Она не могла ответить. Дрожала, горло саднило от дыма, глаза покраснели, из них текли слезы.
— Он идет?
Она покачала головой и увидела сочувствие на его лице. Кларк посмотрел на горящее здание. Взял Сантэн за другую руку и отвел к машине.
— Нюаж… — прохрипела Сантэн. — Мой конь.
Она осипла от дыма и потрясения.
— Нет… — резко сказал Бобби Кларк и хотел удержать ее, но она вырвалась и побежала к загону у конюшни.
— Нюаж!
Она пыталась свистеть, но с пересохших губ не срывалось ни звука. Бобби Кларк догнал ее у входа в загон.

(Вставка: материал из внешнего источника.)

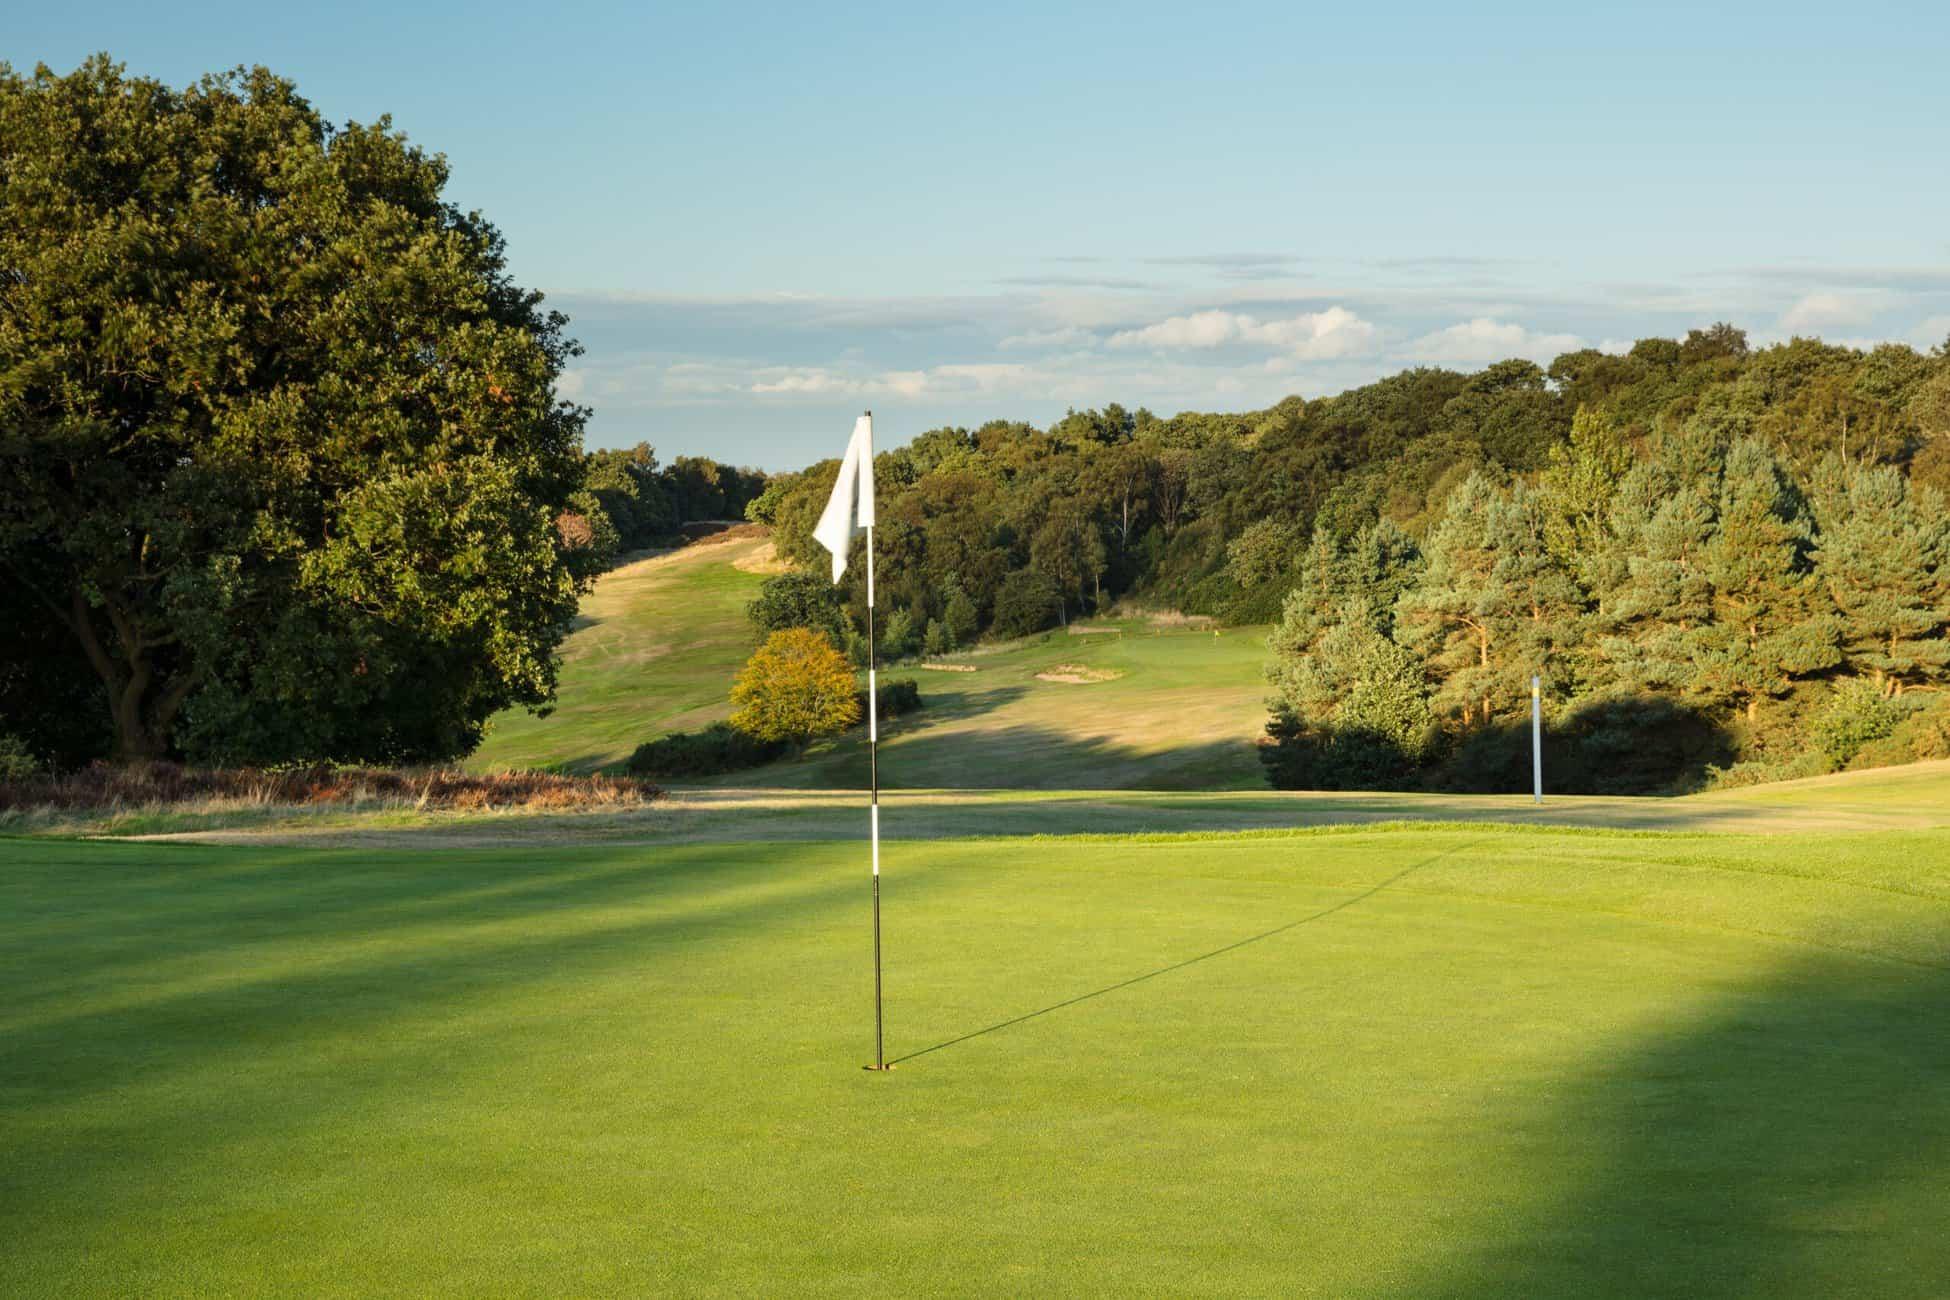 The Hallamshire Golf Club
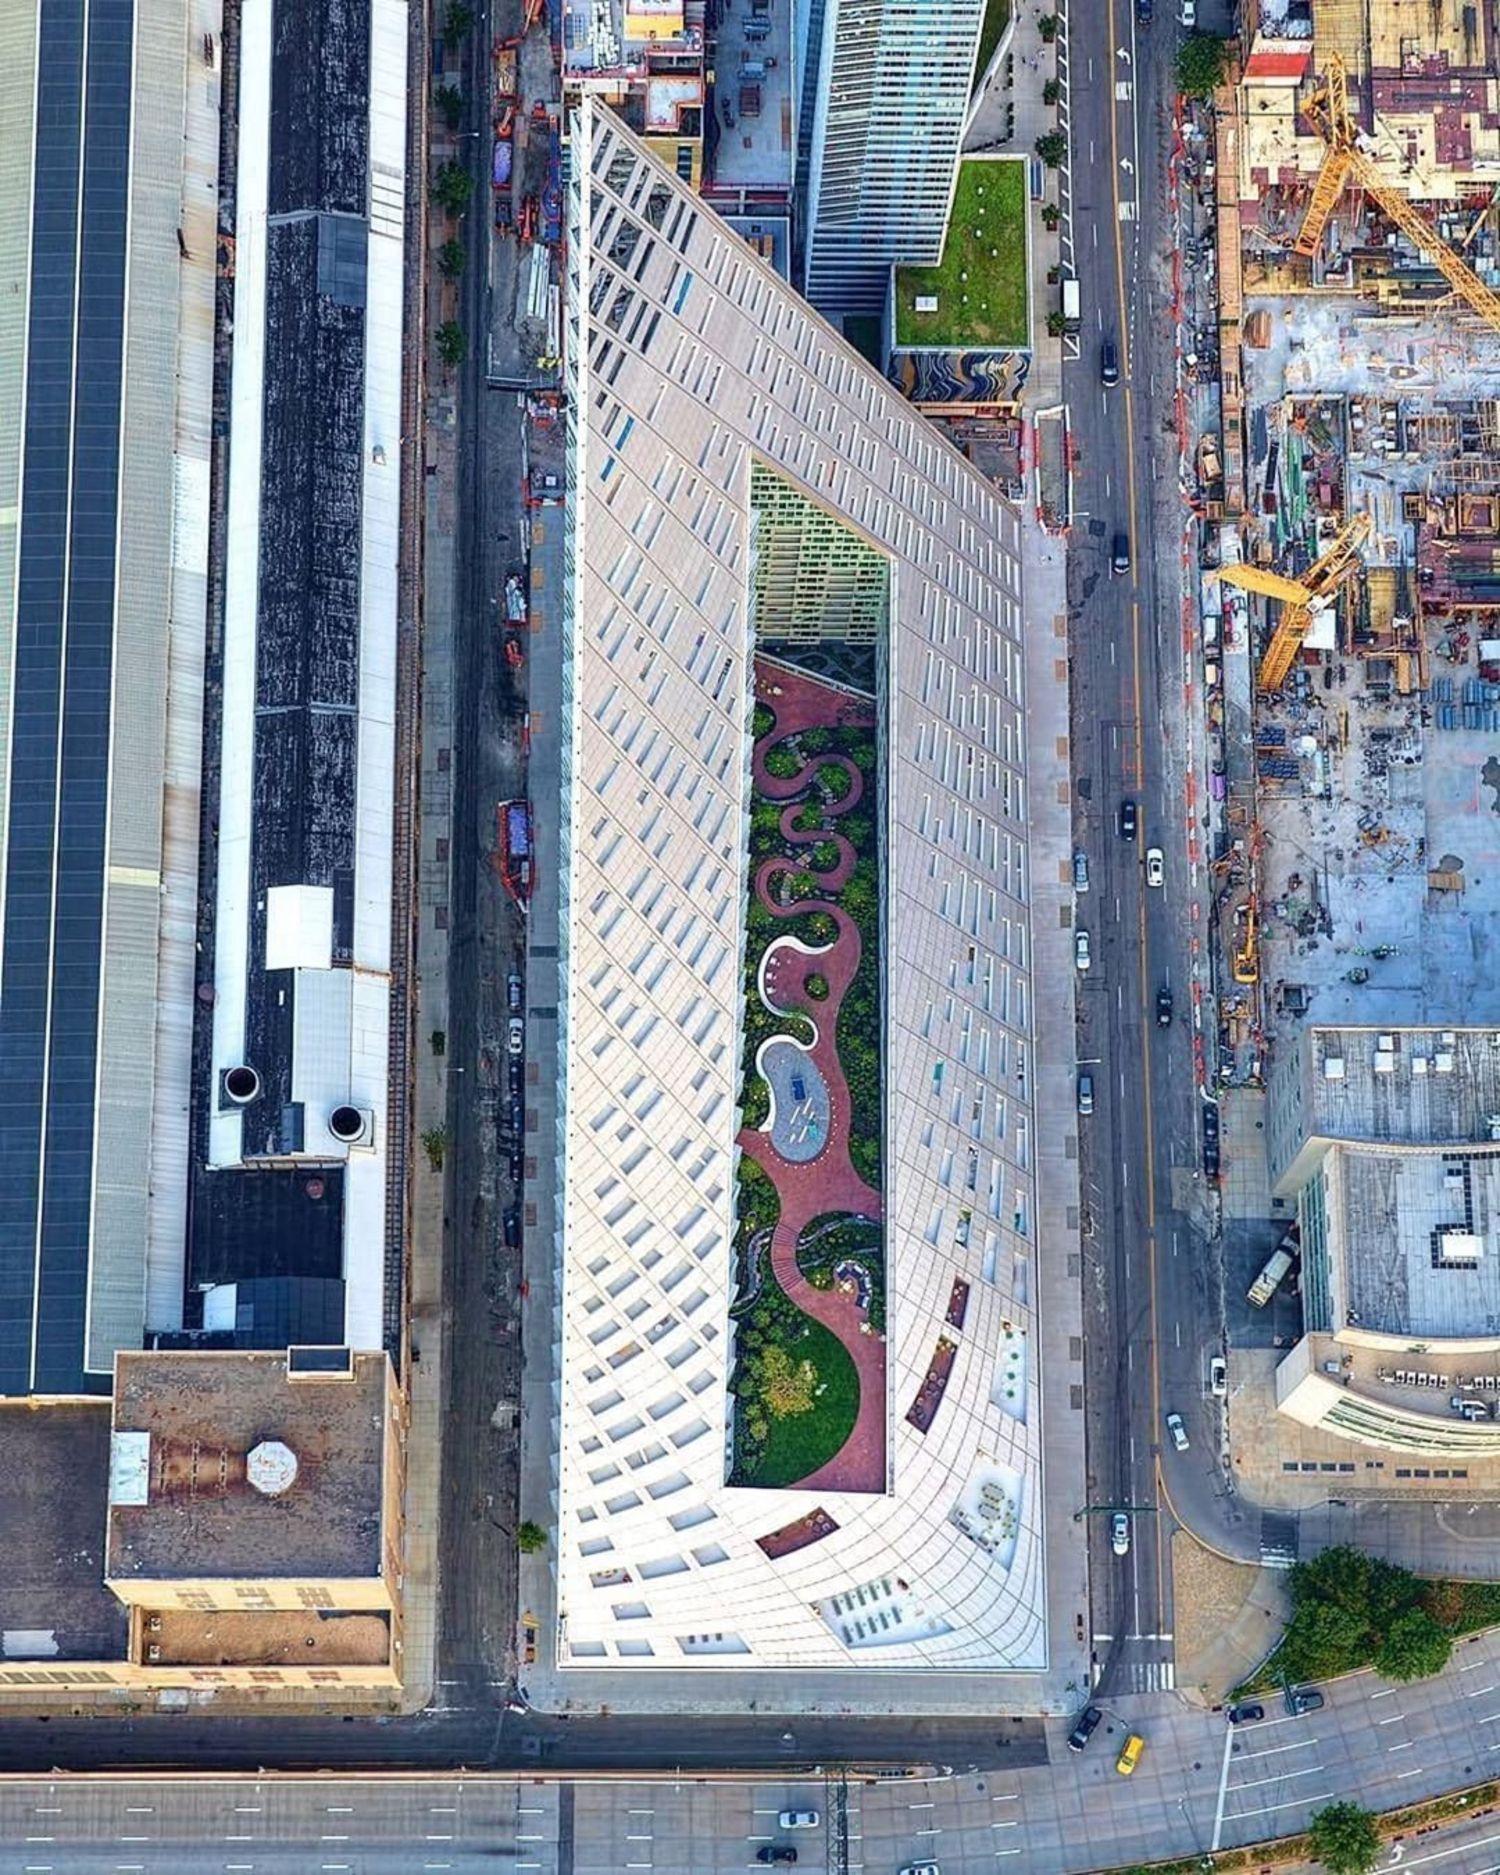 VIA 57, Manhattan. Photo via @mattpugs #viewingnyc #nyc #newyork #newyorkcity  #via57west

— Не ходите туда, — сказал он отчаянно, задерживая ее.
Не понимая, она пыталась заглянуть за ворота.
— Нет, Сантэн!
Он потянул ее обратно, но она увидела своего коня и закричала:
— Нюаж! — Грохот очередного разрыва заглушил этот отчаянный крик, но она постаралась вырваться от Кларка. — Нюаж! — снова закричала она, и жеребец поднял голову. Он лежал на боку; взрывом ему перебило обе задние ноги и разорвало брюхо.
— Нюаж!
Жеребец услышал ее голос и попытался встать на передние ноги, но сил не хватило, и он снова упал. Головой ударился о землю, и из его широких ноздрей с легким звуком вырвался воздух.
Анна подбежала к Бобби, и вдвоем они утащили Сантэн к ждущей машине.
— Его нельзя так оставлять, — умоляла она, пытаясь вырваться. — Пожалуйста, не давайте ему страдать.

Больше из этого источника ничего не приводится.